Efficacy and safety of crizotinib in the treatment of advanced non-small cell lung cancer with ROS1 gene fusion: a systematic literature review and meta-analysis of real-world evidence

Ernest Nadal; Nada Rifi; Sarah Kane; Sokhna Mbacke; Lindsey Starkman; Beatrice Suero; Hannah Le; Imtiaz A Samjoo

doi:10.1016/j.lungcan.2024.107816

Efficacy and safety of crizotinib in the treatment of advanced non-small cell lung cancer with ROS1 gene fusion: a systematic literature review and meta-analysis of real-world evidence

Lung Cancer. 2024 May 9:192:107816. doi: 10.1016/j.lungcan.2024.107816. Online ahead of print.

Authors

Ernest Nadal¹, Nada Rifi², Sarah Kane³, Sokhna Mbacke³, Lindsey Starkman³, Beatrice Suero³, Hannah Le², Imtiaz A Samjoo⁴

Affiliations

¹ Department of Medical Oncology, Catalan Institute of Oncology (ICO), Avda Gran via, 199-203. L'Hospitalet, 08908, Barcelona, Spain; Preclinical and Experimental Research in Thoracic Tumors (PReTT) Group, OncoBell Program, IDIBELL, L'Hospitalet, Barcelona, Spain. Electronic address: esnadal@iconcologia.net.
² Pfizer, Inc., New York, New York, USA.
³ EVERSANA™, Burlington, Ontario, Canada.
⁴ EVERSANA™, Burlington, Ontario, Canada. Electronic address: imtiaz.samjoo@eversana.com.

PMID: 38749072
DOI: 10.1016/j.lungcan.2024.107816

Abstract

Background: Crizotinib was approved to treat patients with advanced non-small cell lung cancer (aNSCLC) with ROS proto-oncogene 1 (ROS1) gene fusion in 2016. We conducted a systematic literature review to identify real-world evidence (RWE) studies and estimated the efficacy and safety of crizotinib using meta-analyses (MA) for objective response rate (ORR), real-world progression-free survival (PFS), and overall survival (OS).

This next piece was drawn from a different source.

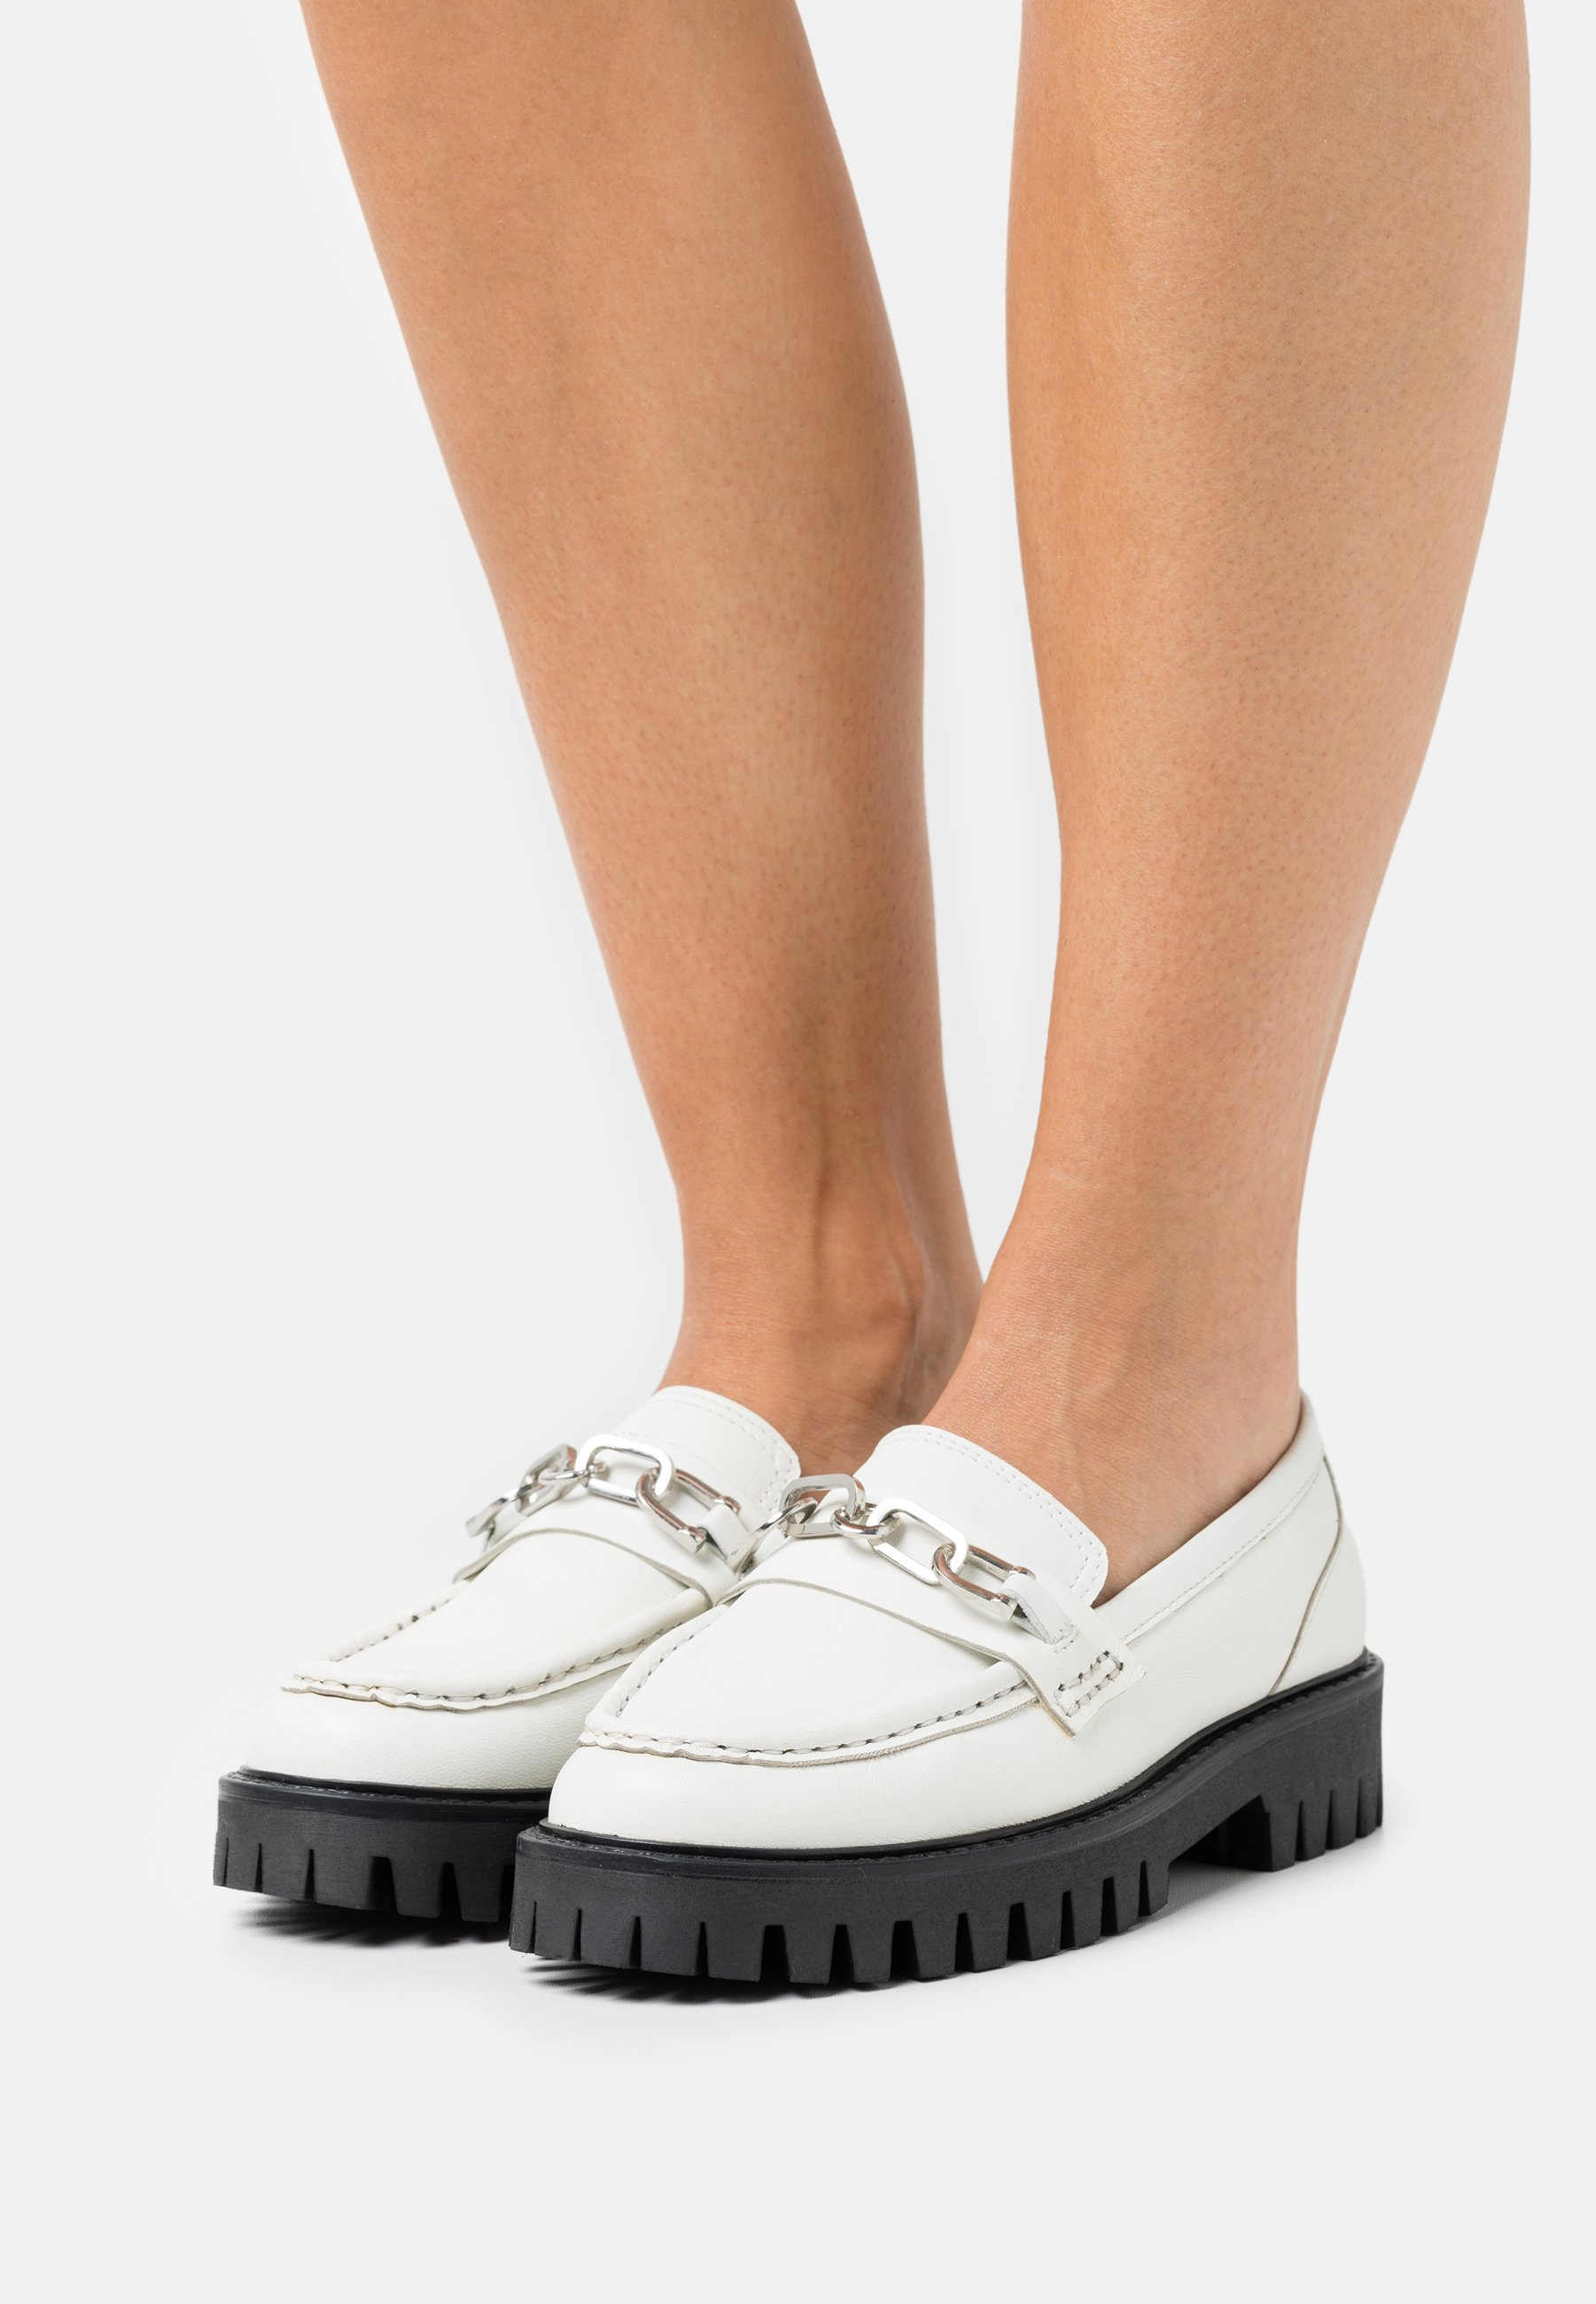 Women FREYA - Slip-ons - white

Methods: We searched MEDLINE®, Embase, and Cochrane CENTRAL from January 2016 to March 2023 using Ovid® for published single-arm or comparative RWE studies evaluating patients (N ≥ 20) receiving crizotinib monotherapy for aNSCLC with ROS1 gene fusion. Pooled estimates for ORR and grade 3/4 adverse events (AEs) were derived using the metafor package in R while pooled estimates for median real-world PFS (rwPFS) and OS were derived using reconstructed individual patient data from published Kaplan-Meier curves. The primary analysis included all studies regardless of crizotinib line of therapy; a subgroup analysis (SA) was conducted using studies evaluating patients receiving first-line crizotinib.

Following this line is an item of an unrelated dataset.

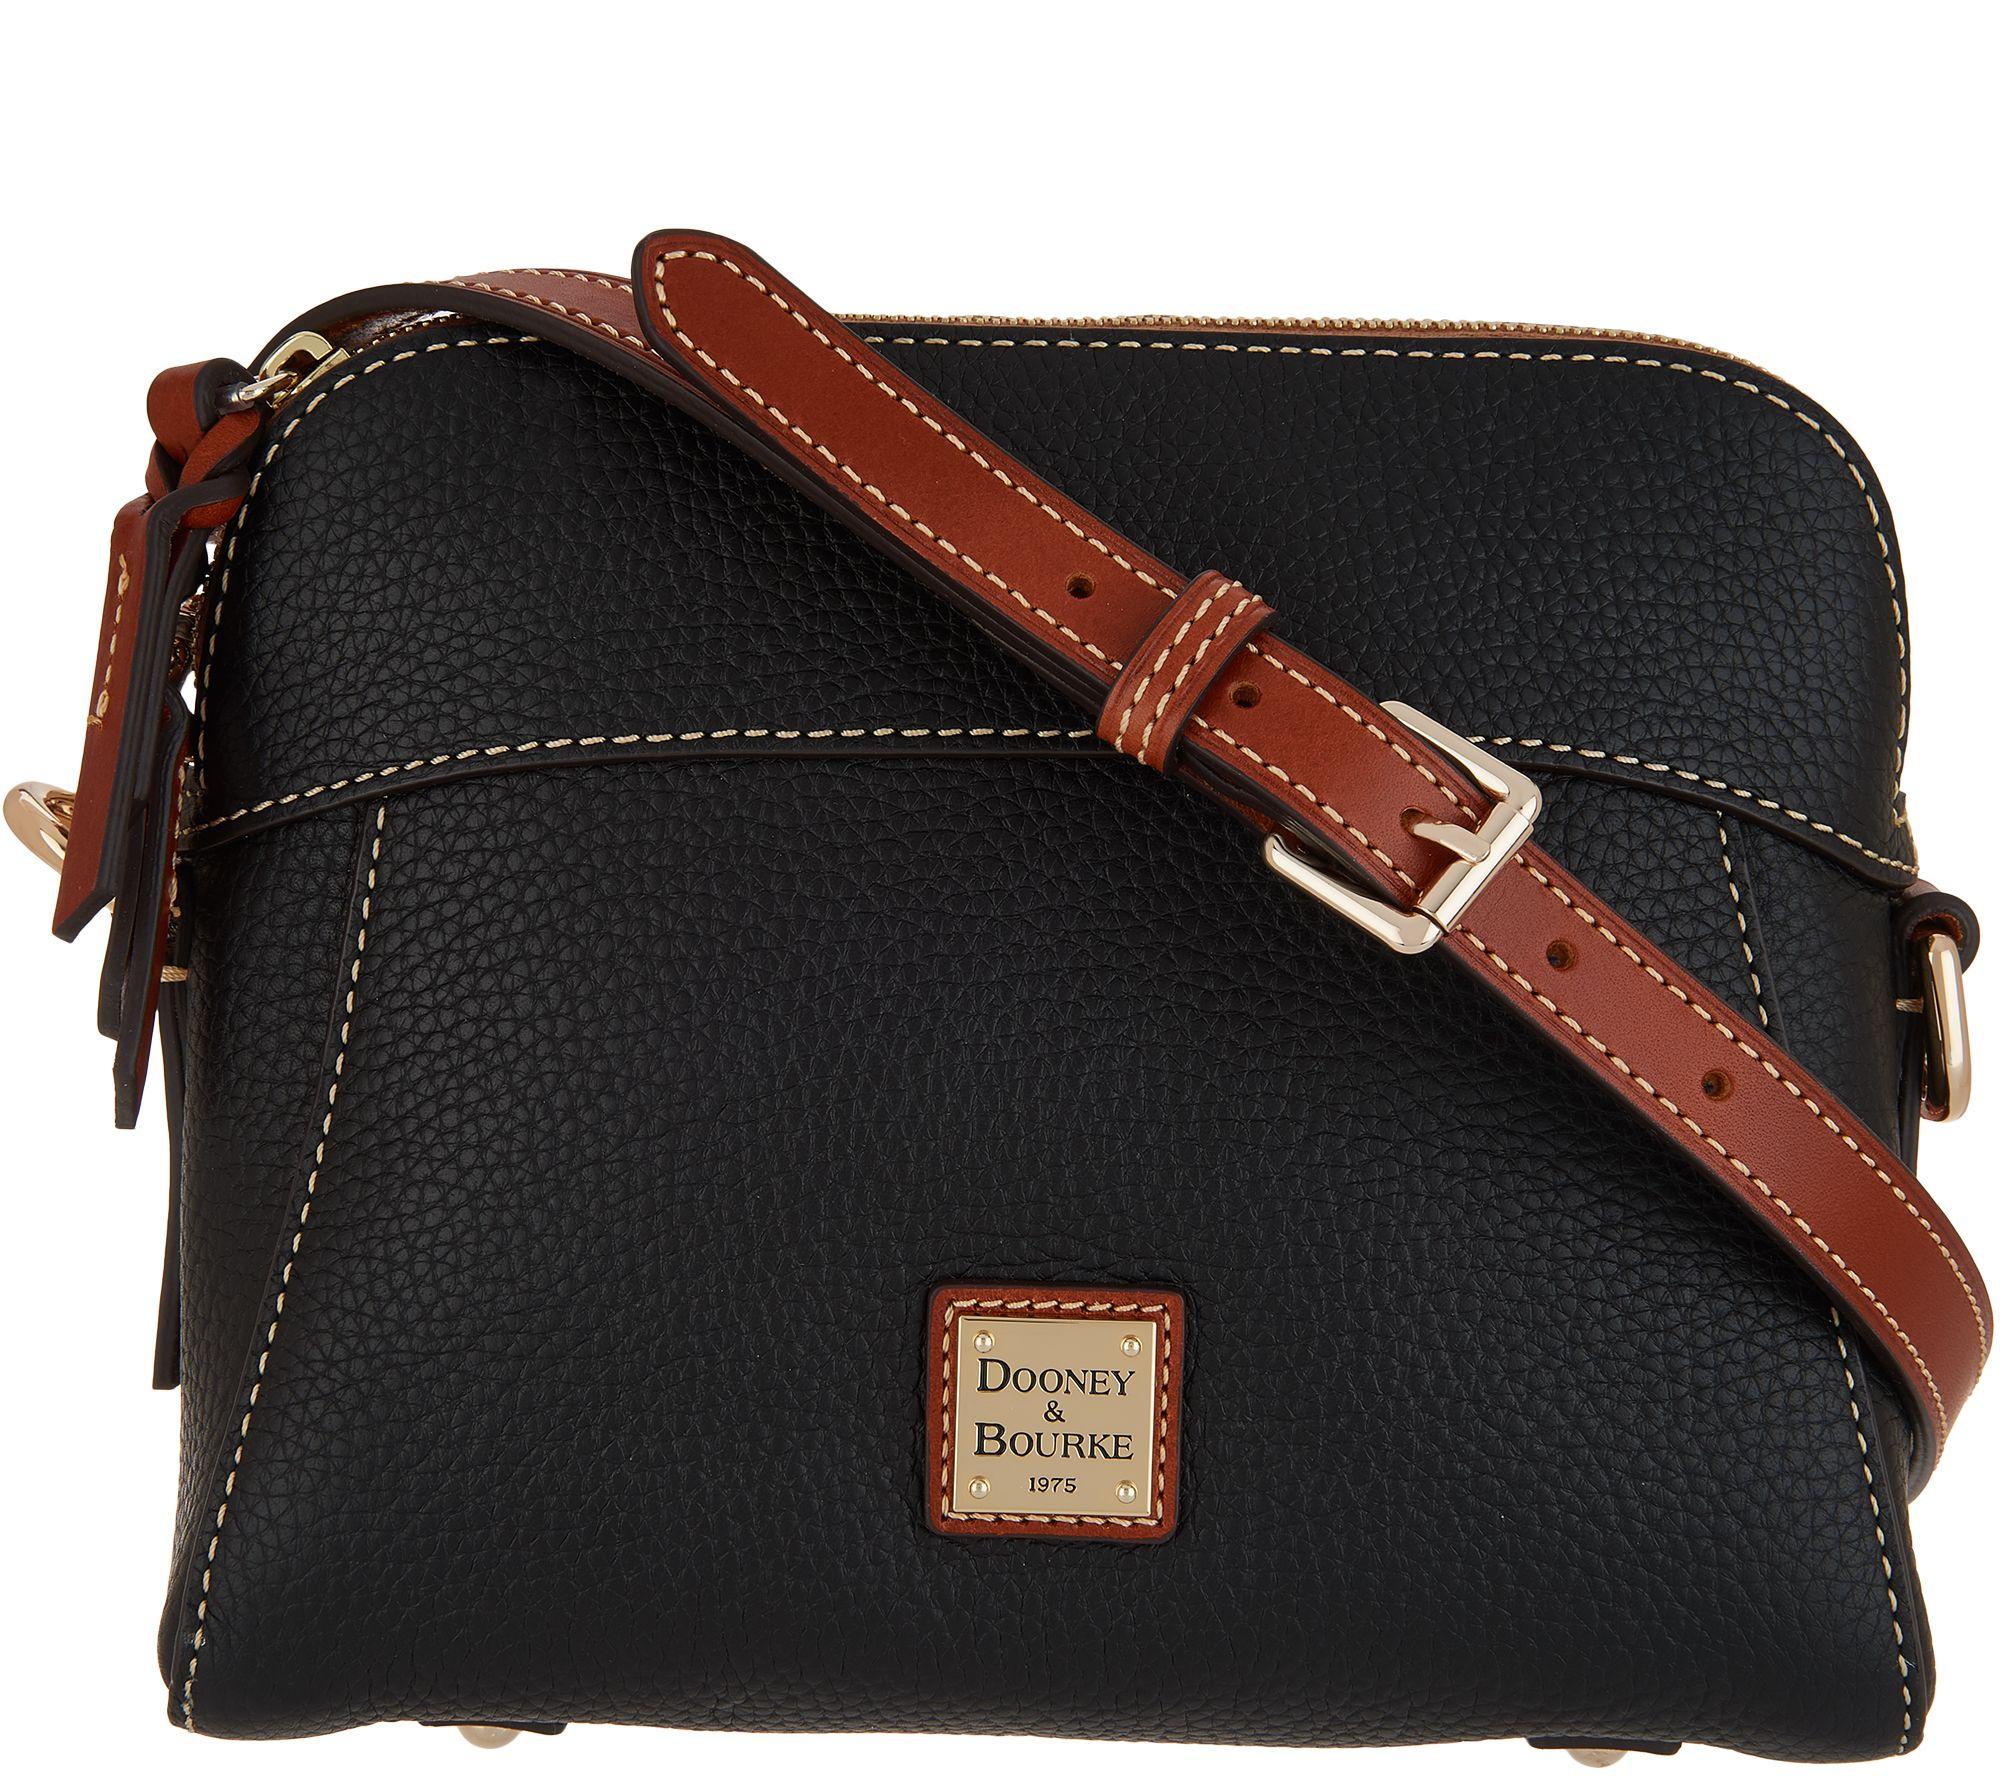 9b9164d8eef1 Dooney   Bourke Pebble Leather Crossbody - Cameron - Page 1 — QVC.com

Results: Fourteen studies met the eligibility criteria and were considered feasible for MA. For the primary analysis, the pooled ORR (N = 9 studies) was 70.6 % (95 % confidence interval [CI]: 57.0, 81.3), median rwPFS was 14.5 months (N = 11 studies), and OS was 40.2 months (N = 9 studies). In the SA, the pooled ORR (N = 4 studies) was 81.1 % (95 % CI: 76.1, 85.2) and the median rwPFS (N = 4 studies) and OS (N = 2 studies) were 18.1 and 60 months, respectively. All MAs were associated with significant heterogeneity (I² > 25 %). Grade 3/4 AEs occurred in 18.7 % of patients (pooled estimate).

Conclusion: The results from this study are consistent with clinical trial data and, taken collectively, supports crizotinib as a safe and effective treatment across different lines of therapy in patients with ROS1 aNSCLC in the real-world setting.

Keywords: Advanced non-small cell lung cancer; Crizotinib; Meta-analysis; ROS1 gene fusion; Real-world evidence; Systematic literature review.